README.md · moondream/moondream-2b-2025-04-14-4bit at 48640e9ea1b6d4aa17abd837db93974db9048ed9

metadata

license: apache-2.0
pipeline_tag: image-text-to-text

Moondream is a small vision language model designed to run efficiently everywhere.

Website / Demo / GitHub

This repository contains the 2025-04-14 int4 release of Moondream, as well as historical releases. The model is updated frequently, so we recommend specifying a revision as shown below if you're using it in a production application.
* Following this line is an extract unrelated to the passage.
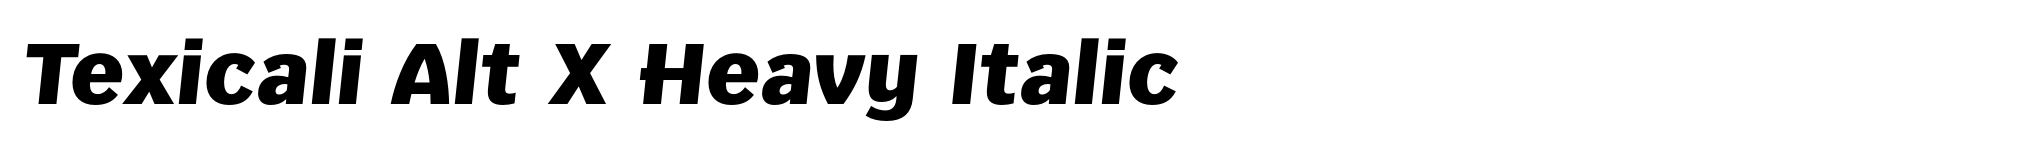 Texicali Alt X Heavy Italic image

Make sure to install the requirements:

pip install -r https://depot.moondream.ai/transformers/requirements.txt

Usage

from transformers import AutoModelForCausalLM, AutoTokenizer
from PIL import Image

model = AutoModelForCausalLM.from_pretrained(
    "moondream/moondream-2b-2025-04-14-4bit",
    trust_remote_code=True,
    # Uncomment to run on GPU.
    device_map={"": "cuda"}
)

# Captioning
print("Short caption:")
print(model.caption(image, length="short")["caption"])
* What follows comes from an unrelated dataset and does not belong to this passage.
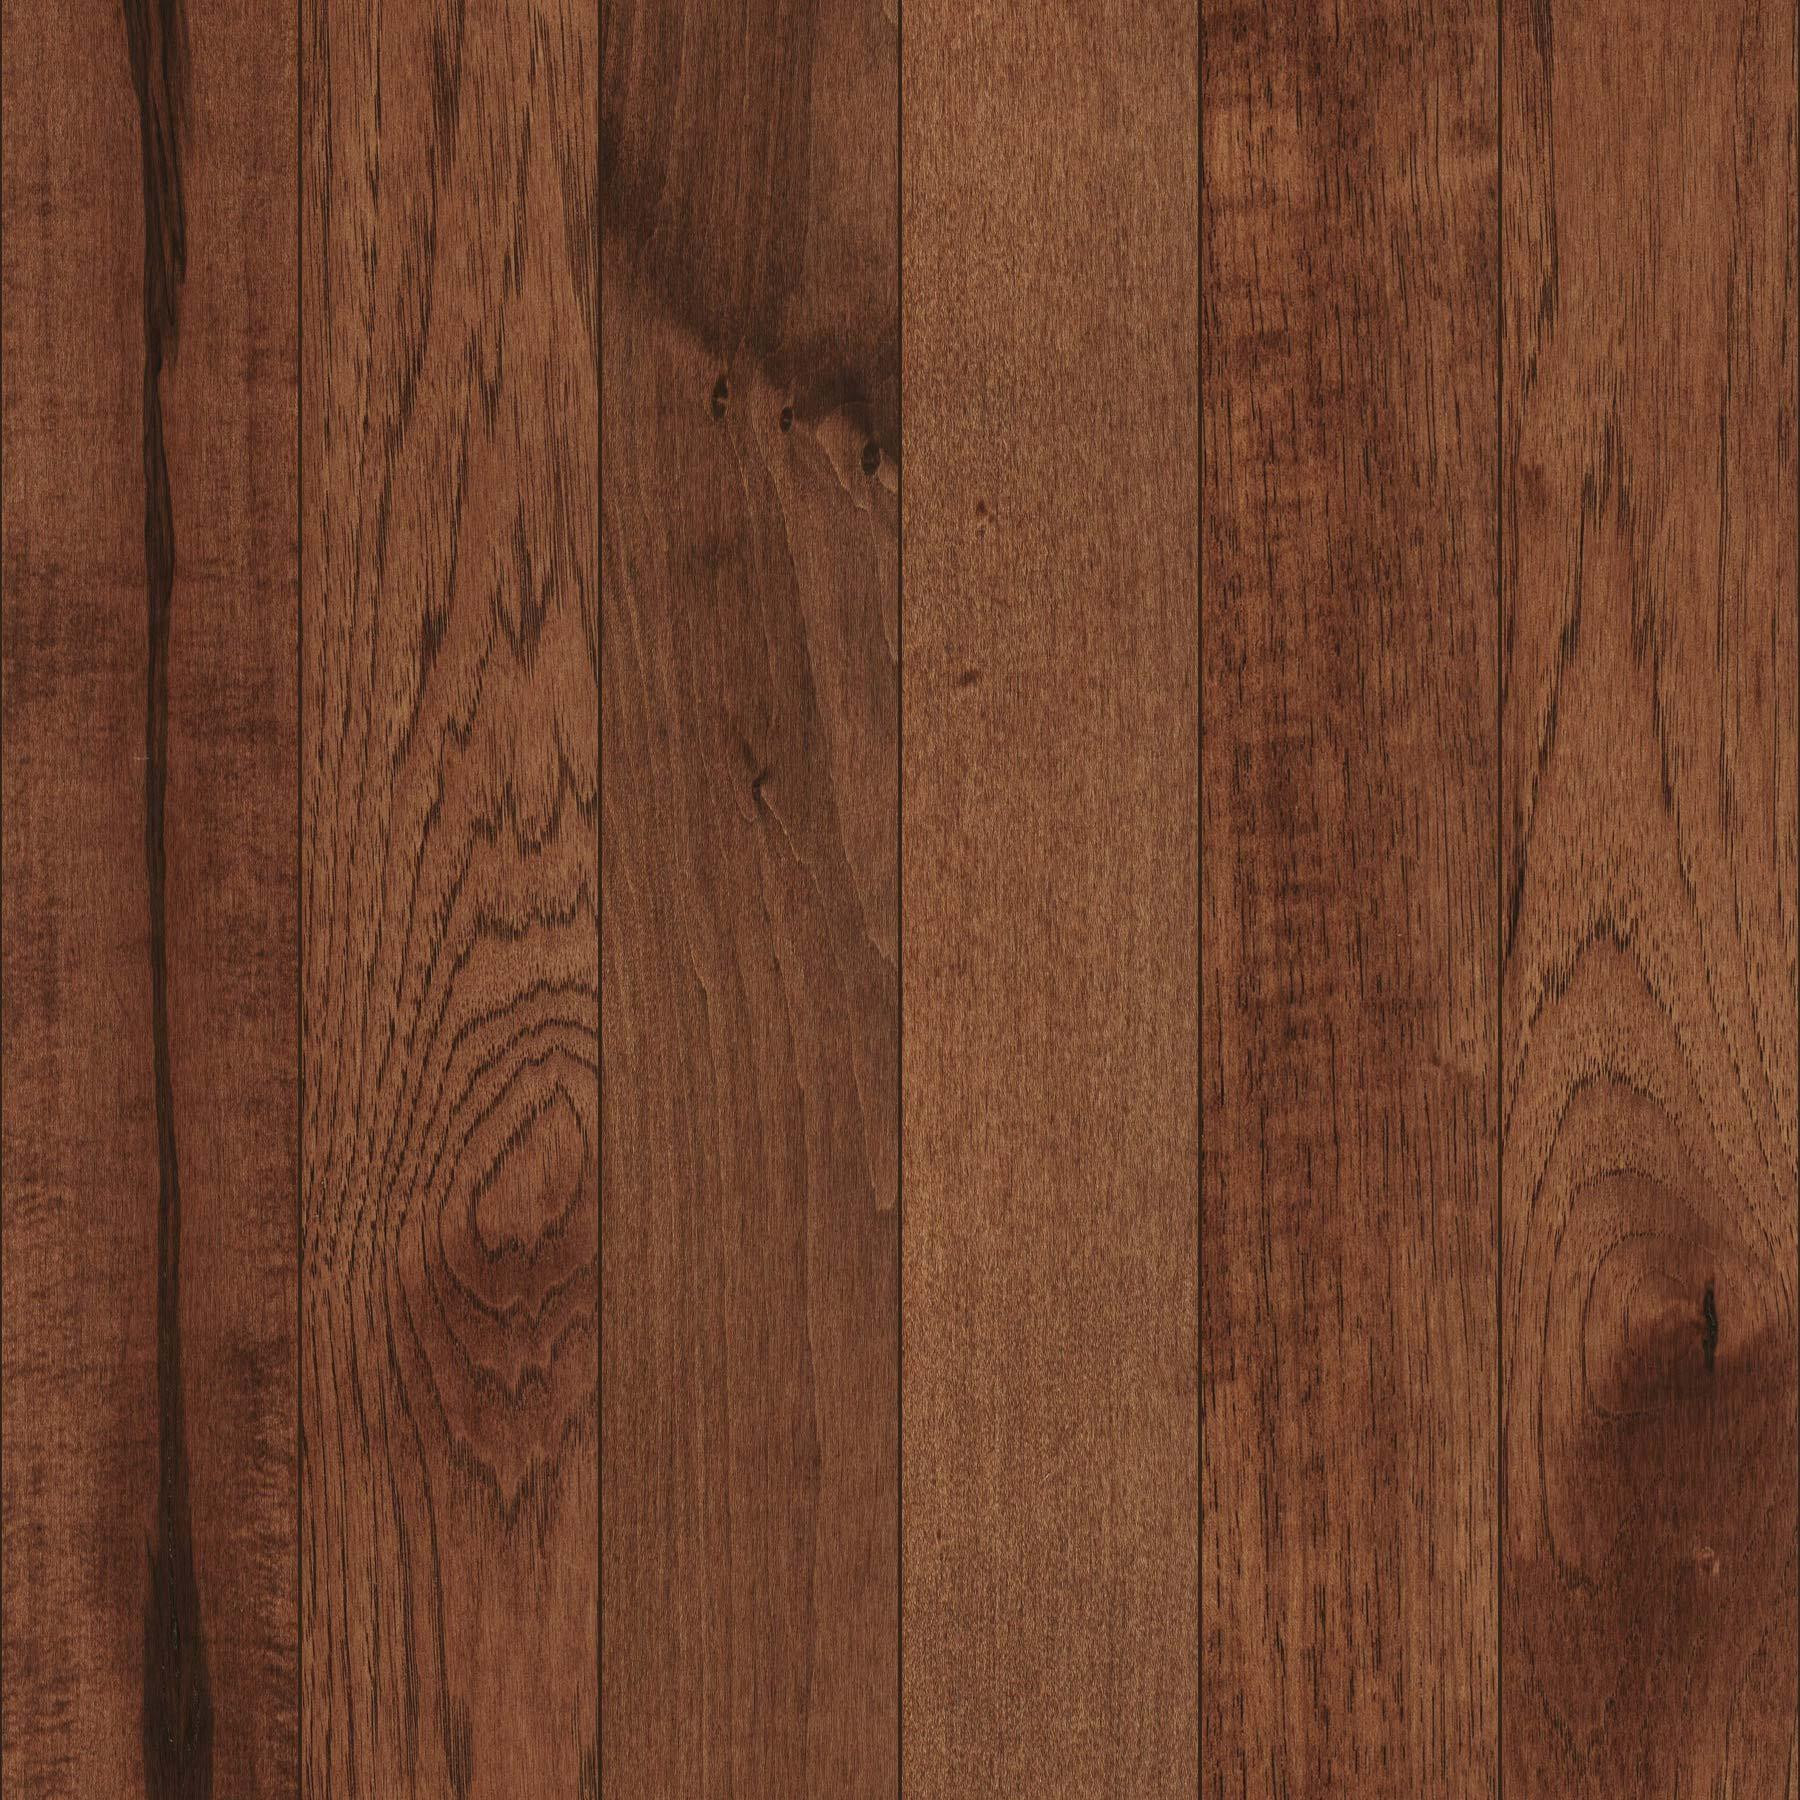 26 Unique Maple Hardwood Flooring for Sale 2024 free download maple hardwood flooring for sale of kingsmill harvest maple 3 wide 3 4 solid hardwood flooring with regard to harvest maple m uharv3 3 x 60 1800 approved

print("\nNormal caption:")
for t in model.caption(image, length="normal", stream=True)["caption"]:
    # Streaming generation example, supported for caption() and detect()
    print(t, end="", flush=True)
print(model.caption(image, length="normal"))

# Visual Querying
print("\nVisual query: 'How many people are in the image?'")
print(model.query(image, "How many people are in the image?")["answer"])

# Object Detection
print("\nObject detection: 'face'")
objects = model.detect(image, "face")["objects"]
print(f"Found {len(objects)} face(s)")

# Pointing
print("\nPointing: 'person'")
points = model.point(image, "person")["points"]
print(f"Found {len(points)} person(s)")

Changelog

int4-2025-04-15 (full release notes)

Moondream uses a whole lot less memory (4.12 down to 2.47GB)
Small device get a big speed up (44.54 to 67.84 tok/sec on a RTX 4050 Mobile)
Improved spatial understanding (RealWorldQA up from 58.3 to 60.13)
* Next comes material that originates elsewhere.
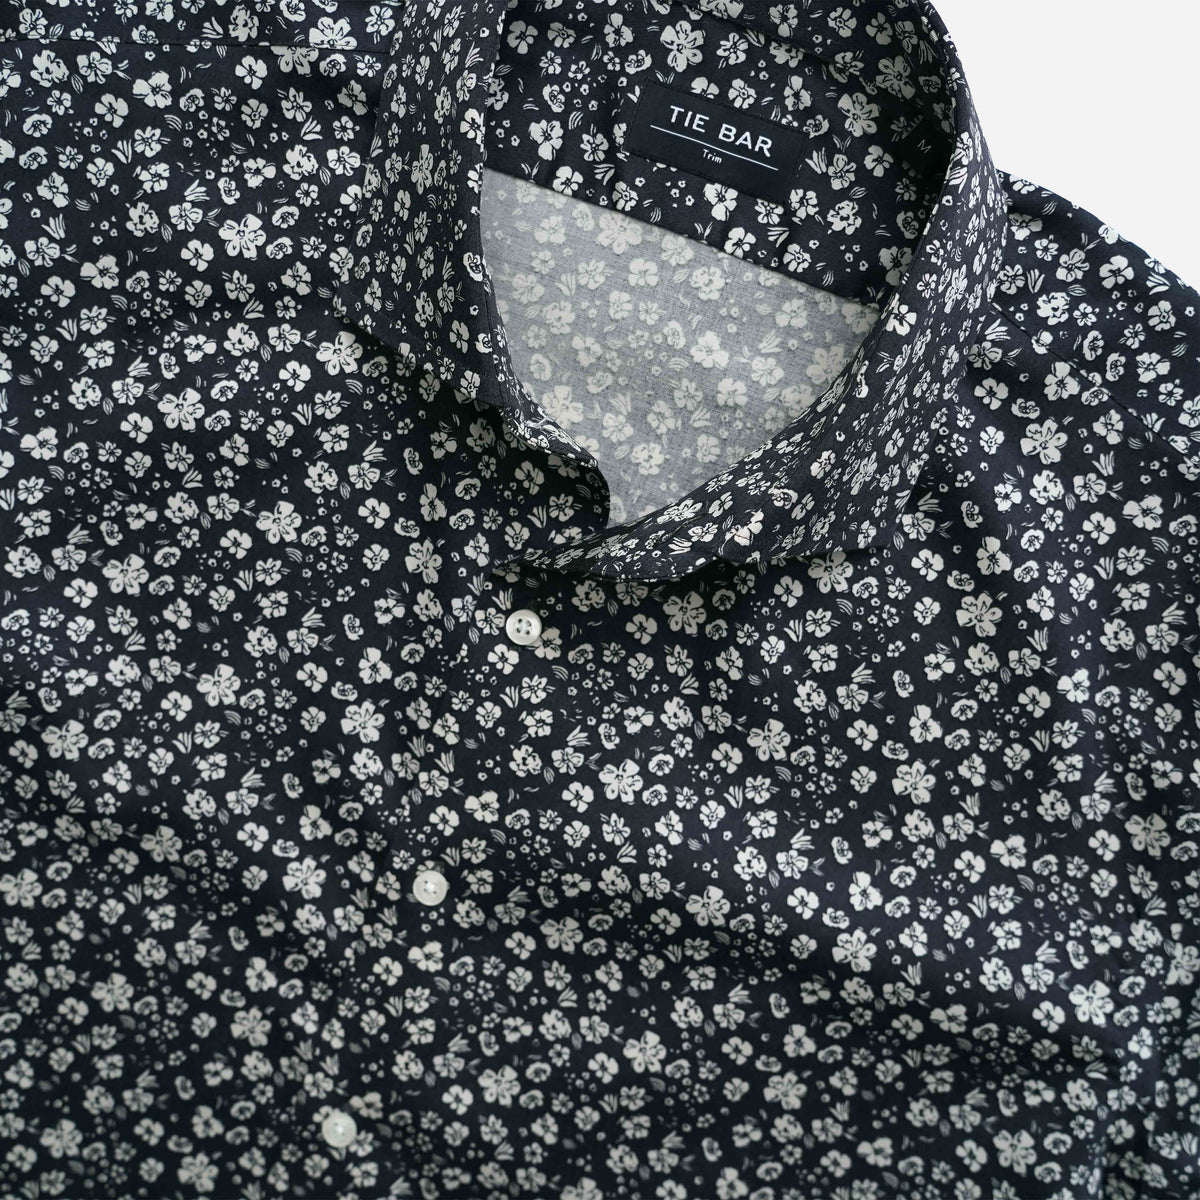 Floral Print Black Dress Shirt | Cotton Shirts | Tie Bar

2025-04-15 (full release notes)

Improved chart understanding (ChartQA up from 74.8 to 77.5, 82.2 with PoT)
Added temperature and nucleus sampling to reduce repetitive outputs
Better OCR for documents and tables (prompt with “Transcribe the text” or “Transcribe the text in natural reading order”)
Object detection supports document layout detection (figure, formula, text, etc)
UI understanding (ScreenSpot [email protected] up from 53.3 to 60.3)
Improved text understanding (DocVQA up from 76.5 to 79.3, TextVQA up from 74.6 to 76.3)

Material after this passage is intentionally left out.